I also teach my students one rule: never get too comfortable on the unit. Complacency breeds vulnerability.

The Bottom Line

Psychiatry is about empathy, but empathy does not mean becoming a punching bag. We can honor the dignity of our patients while also demanding dignity for ourselves.

Violence in psychiatry is not “part of the job.” It is the result of systemic neglect, cultural complacency, and leadership failure. Until we acknowledge and confront this truth, we will keep losing staff not just to burnout, but to fear. And when clinicians lose, patients lose too.

Dr Rossi is an inpatient and consultation liaison psychiatrist who also performs electroconvulsive therapy services at AtlantiCare Regional Medical Center in Pomona, New Jersey. He currently serves on the board of the New Jersey Psychiatric Association, where he has worked on advocacy projects, including enhancing access to collaborative care in the state.

References

1. Workplace violence in healthcare, 2018. US Bureau of Labor Statistics. Accessed January 16, 2026. https://www.bls.gov/iif/factsheets/workplace-violence-healthcare-2018.htm 

2. Amara SS, R Hansen B. Reducing violence by patients against healthcare workers at inpatient psychiatric hospitals: an integrative review. Issues Ment Health Nurs. 2024;45(11):1185-1193.

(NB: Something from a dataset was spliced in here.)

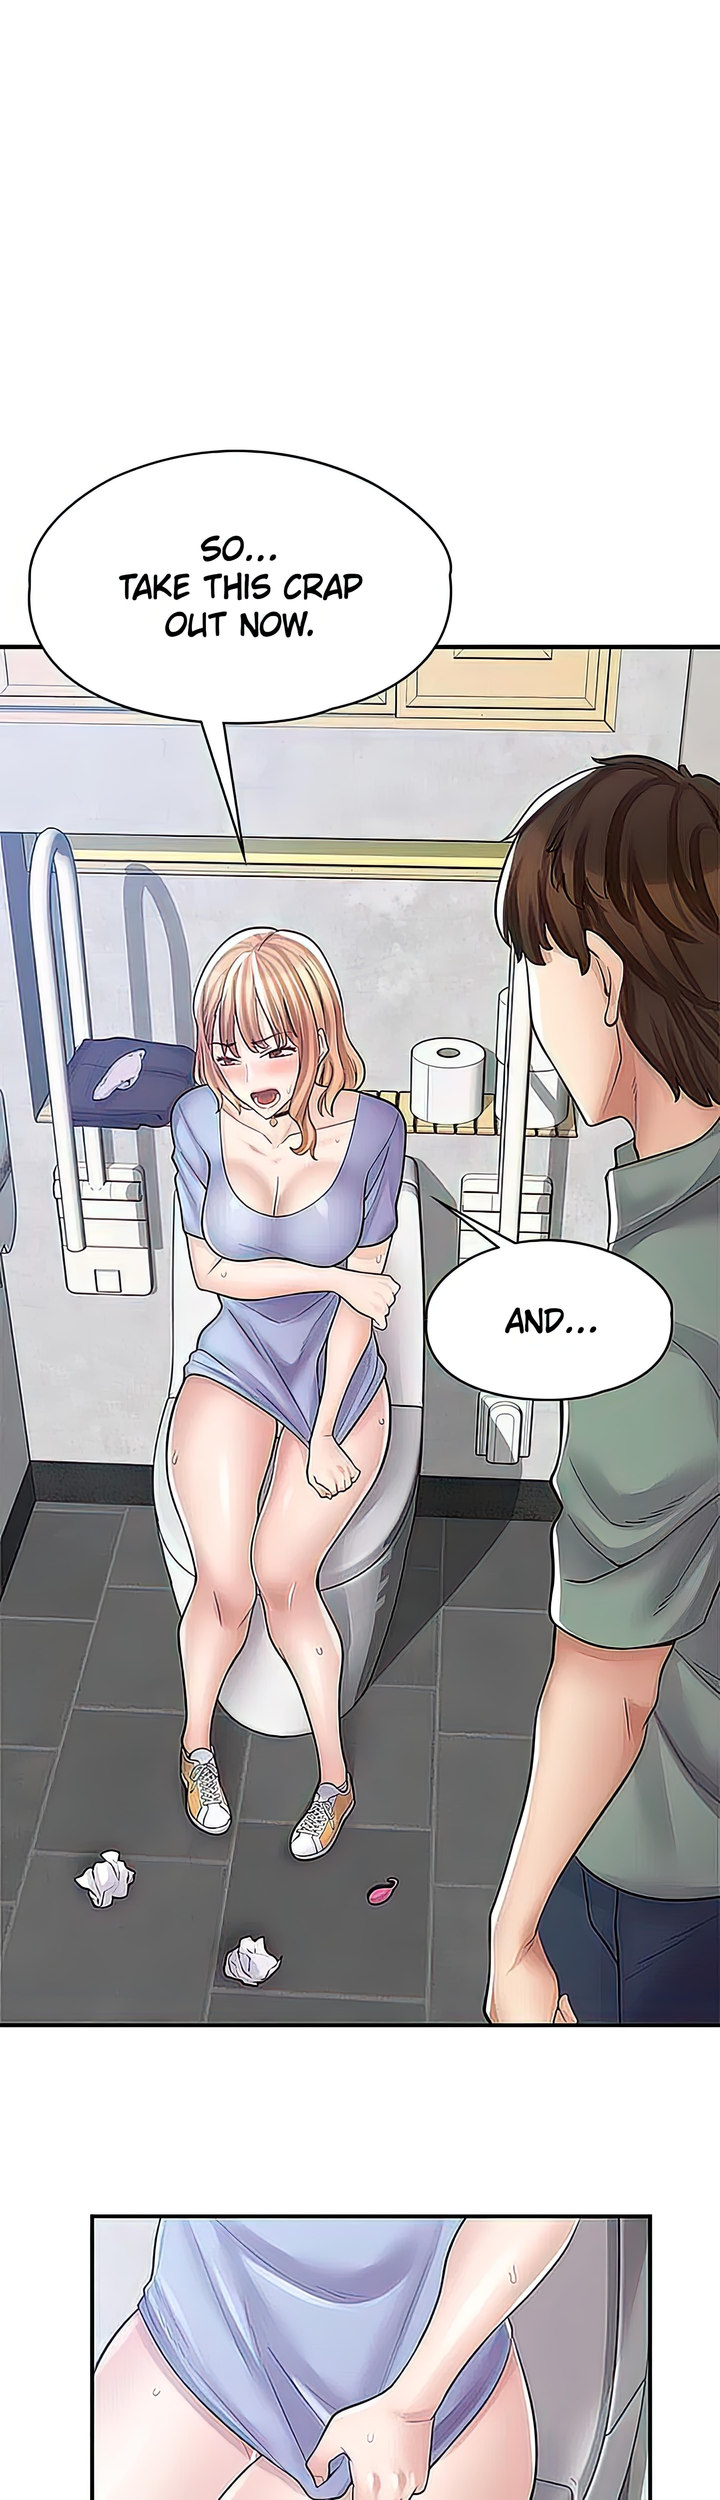 Erotic Manga Café Girls - Chapter 9 Page 1
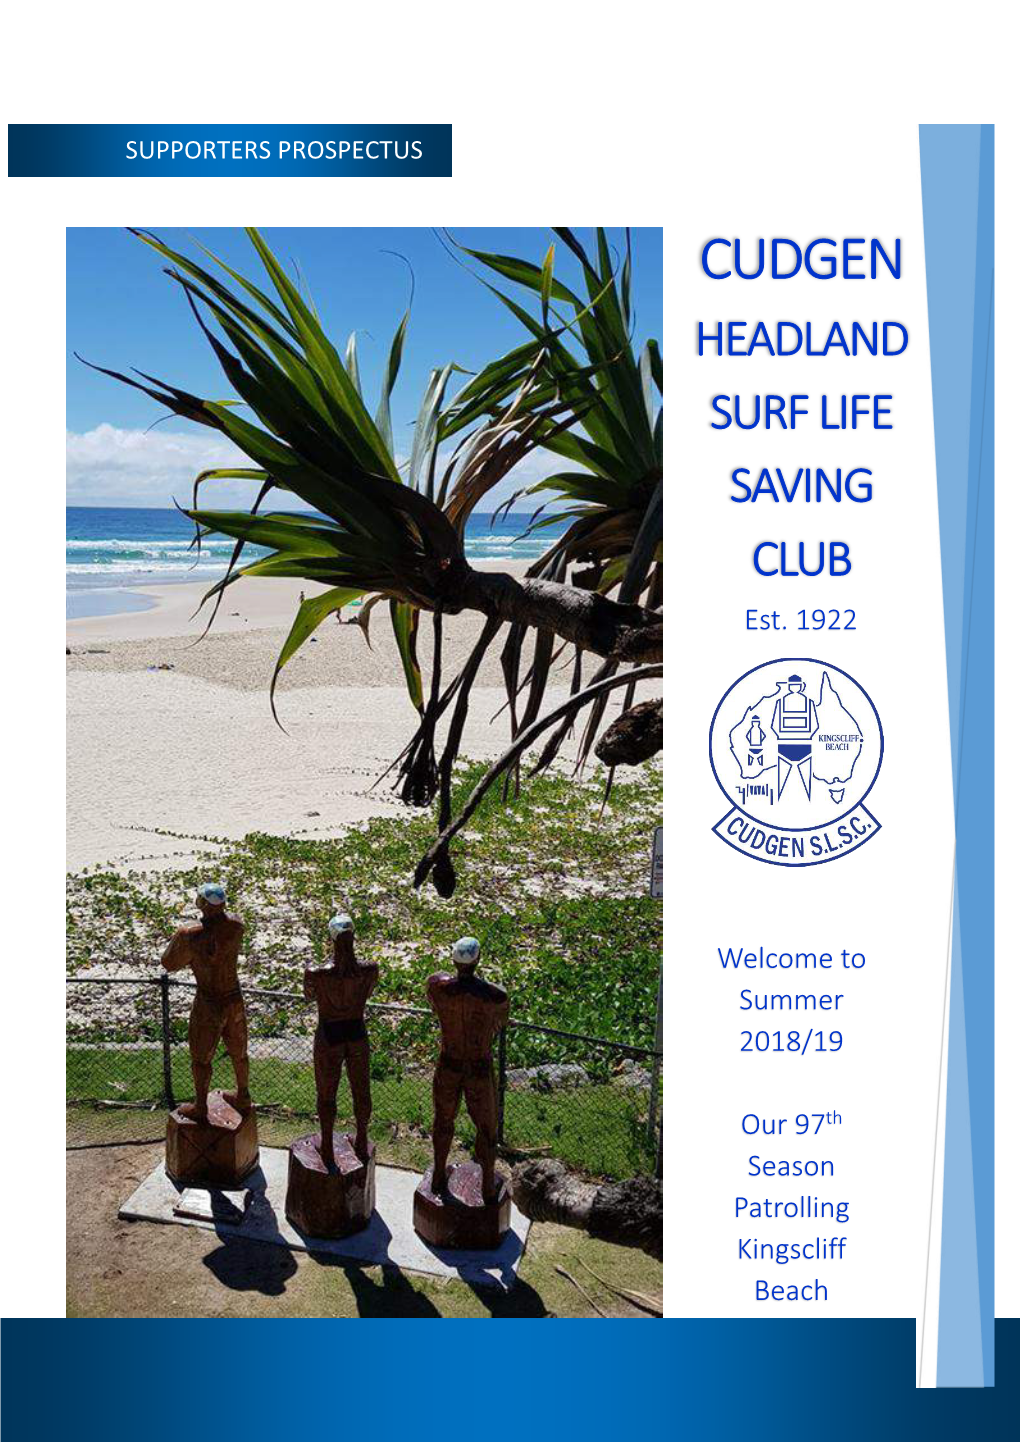 CUDGEN HEADLAND SURF LIFE SAVING CLUB Est

3. Kernaghan K, Hurst K. Reducing violence and aggression: a quality improvement project for safety on an acute mental health ward. BMJ Open Qual. 2023;12(4):e002448.

4. Svensson J. Patient safety strategies in psychiatry and how they construct the notion of preventable harm: a scoping review. J Patient Saf. 2022;18(3):245-252.

5. Price O, Armitage CJ, Bee P, et al. De-escalating aggression in acute inpatient mental health settings: a behaviour change theory-informed, secondary qualitative analysis of staff and patient perspectives. BMC Psychiatry. 2024;24(1):548.